Software Quality Metrics, Page 2
In-Process Quality Metrics for Software Testing
Until recently, most software quality metrics in many development organizations were of an in-process nature. That is, they were designed to track defect occurrences during formal machine testing. These are listed here only briefly because of their historical importance and because we will be replacing them with upstream quality measures and metrics that will supersede them.
Defect rate during formal system testing is usually highly correlated with the future defect rate in the field because higher-than-expected testing defect rates usually indicate high software complexity or special development problems. Although it may be counterintuitive, experience shows that higher defect rates in testing indicate higher defect rates later in use. If these appear, the development manager has a set of "damage control" scenarios he or she may apply to correct the quality problem in testing before it becomes a problem in the field.
Overall defect density during testing is only a gross indicator; the pattern of defect arrival or "mean time between defects" is a more sensitive metric. Naturally the development organization cannot fix all of the problems arriving today or this week, so a tertiary measure of defect backlog becomes important. If the defect backlog is large at the end of a development cycle, a lot of prerelease fixes have to be integrated into the system. This metric thus becomes not only a quality and workload statement but also a predictor of problems in the very near future.
Phase-based defect removal uses the defect removal effectiveness (DRE) metric. This is simply the defects removed during each development phase divided by the defects latent in the product, times 100 to get the result as a percentage.

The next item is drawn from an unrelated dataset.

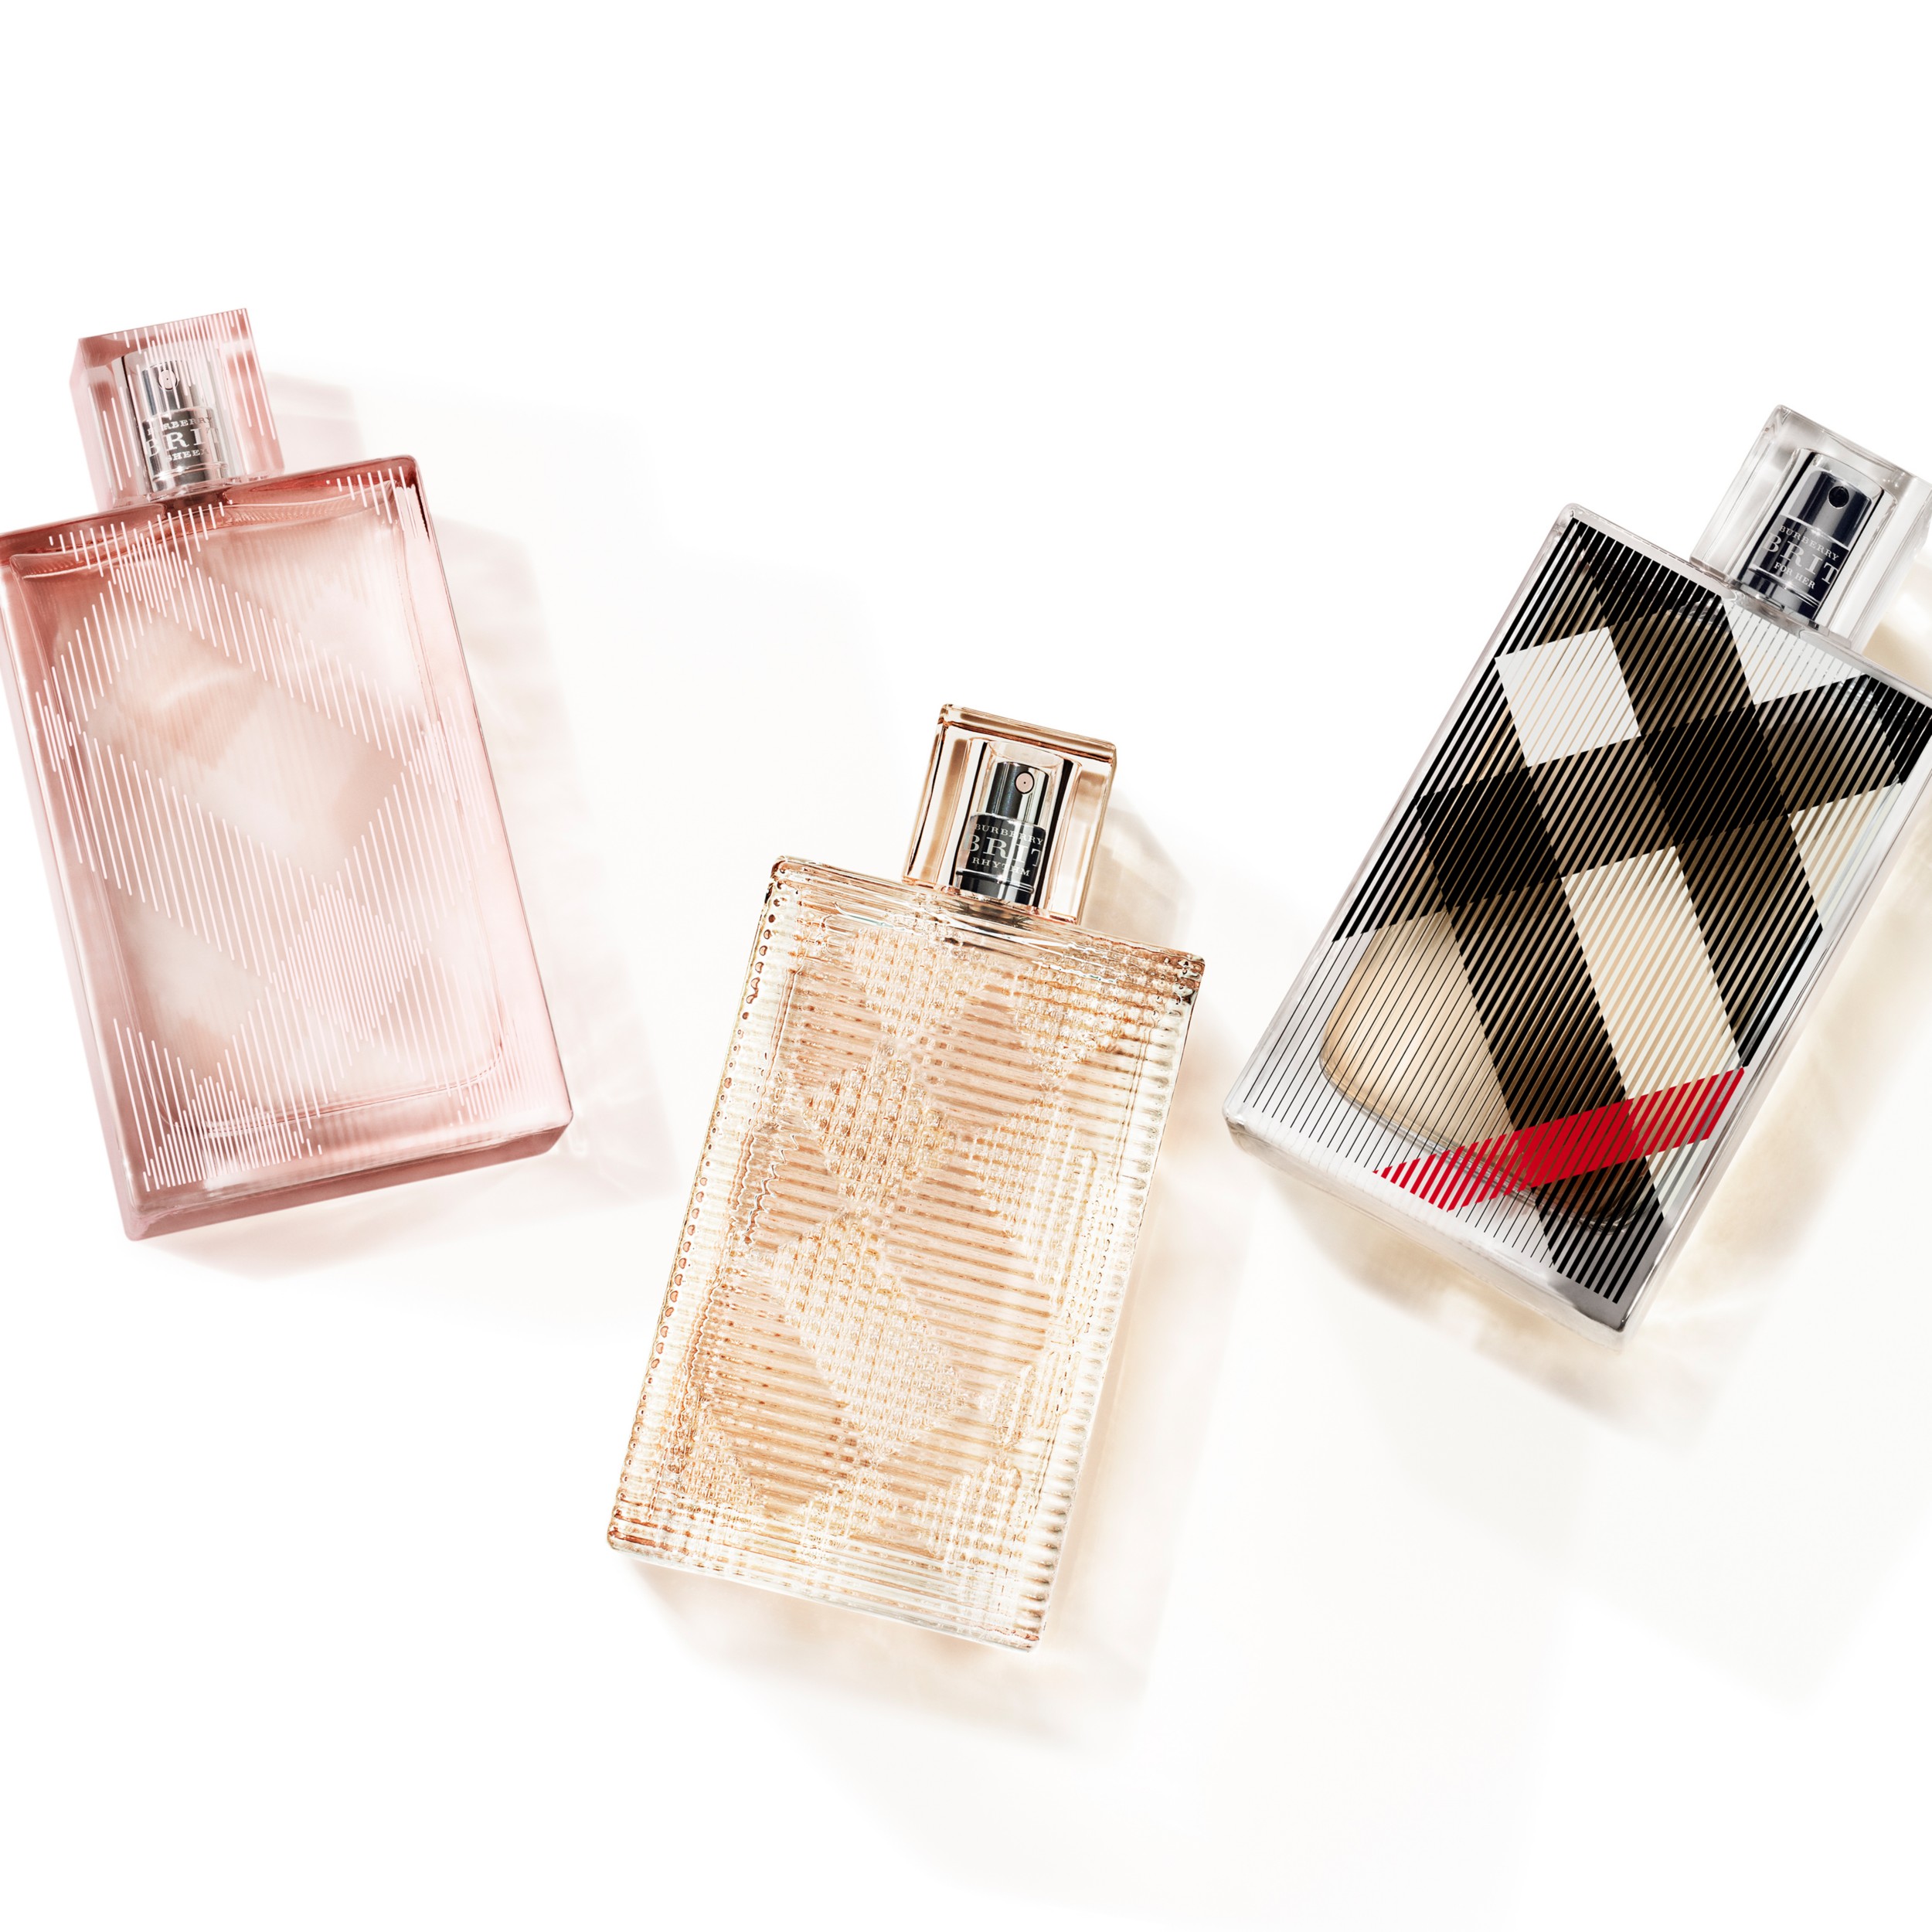 Perfume Burberry Brit Mujer Precio Cheapest Prices, 67% OFF

Because the number of latent defects is not yet known, it is estimated to be the defects removed during the phase plus the defects found later. This metric is best used before code integration (already well downstream in the development process, unfortunately) and for each succeeding phase. This simple metric has become a widely used tool for large application development. However, its ad hoc downstream nature naturally leads to the most important in-process metric as we include in-service defect fixes and maintenance in the development process.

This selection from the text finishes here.